Segment Open

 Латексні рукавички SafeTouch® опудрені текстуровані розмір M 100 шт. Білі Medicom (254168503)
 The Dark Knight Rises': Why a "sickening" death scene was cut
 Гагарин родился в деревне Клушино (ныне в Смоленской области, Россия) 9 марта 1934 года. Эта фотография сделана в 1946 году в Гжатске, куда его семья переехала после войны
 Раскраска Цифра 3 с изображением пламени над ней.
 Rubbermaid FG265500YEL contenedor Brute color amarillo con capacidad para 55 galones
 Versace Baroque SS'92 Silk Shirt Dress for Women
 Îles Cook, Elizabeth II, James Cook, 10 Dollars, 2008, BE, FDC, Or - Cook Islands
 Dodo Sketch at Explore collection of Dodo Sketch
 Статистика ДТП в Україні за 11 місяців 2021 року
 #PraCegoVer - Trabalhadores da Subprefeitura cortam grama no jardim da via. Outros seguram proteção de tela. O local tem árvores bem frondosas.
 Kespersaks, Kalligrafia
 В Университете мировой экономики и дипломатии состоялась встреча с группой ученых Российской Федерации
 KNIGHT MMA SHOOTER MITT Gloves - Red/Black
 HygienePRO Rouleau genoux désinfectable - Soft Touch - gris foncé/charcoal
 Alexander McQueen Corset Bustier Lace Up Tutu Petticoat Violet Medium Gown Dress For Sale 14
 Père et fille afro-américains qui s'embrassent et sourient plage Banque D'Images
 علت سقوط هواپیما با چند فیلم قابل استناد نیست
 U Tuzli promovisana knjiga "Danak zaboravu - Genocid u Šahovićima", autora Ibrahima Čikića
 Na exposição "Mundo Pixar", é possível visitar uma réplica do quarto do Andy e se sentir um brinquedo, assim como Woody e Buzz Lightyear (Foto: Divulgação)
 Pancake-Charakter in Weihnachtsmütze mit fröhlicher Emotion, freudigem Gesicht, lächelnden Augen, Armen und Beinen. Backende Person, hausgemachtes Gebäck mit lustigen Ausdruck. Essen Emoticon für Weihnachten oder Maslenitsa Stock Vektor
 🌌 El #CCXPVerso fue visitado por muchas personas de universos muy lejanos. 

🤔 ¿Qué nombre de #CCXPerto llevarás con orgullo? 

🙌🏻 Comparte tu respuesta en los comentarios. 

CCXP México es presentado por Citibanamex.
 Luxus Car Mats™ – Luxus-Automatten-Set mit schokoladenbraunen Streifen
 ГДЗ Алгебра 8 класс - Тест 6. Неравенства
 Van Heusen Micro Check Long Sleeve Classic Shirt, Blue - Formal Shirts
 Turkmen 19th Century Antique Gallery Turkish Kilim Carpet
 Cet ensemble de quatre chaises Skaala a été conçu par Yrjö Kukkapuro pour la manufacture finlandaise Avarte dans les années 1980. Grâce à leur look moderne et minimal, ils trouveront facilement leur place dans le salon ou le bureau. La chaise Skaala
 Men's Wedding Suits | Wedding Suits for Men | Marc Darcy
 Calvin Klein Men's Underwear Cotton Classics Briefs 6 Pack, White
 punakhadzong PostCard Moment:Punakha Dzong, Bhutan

Segment Closed

## [Exercise goal]
If a line in the entries above contains the word "Shirt", copy it.

## [Solution]
 Versace Baroque SS'92 Silk Shirt Dress for Women
 Van Heusen Micro Check Long Sleeve Classic Shirt, Blue - Formal Shirts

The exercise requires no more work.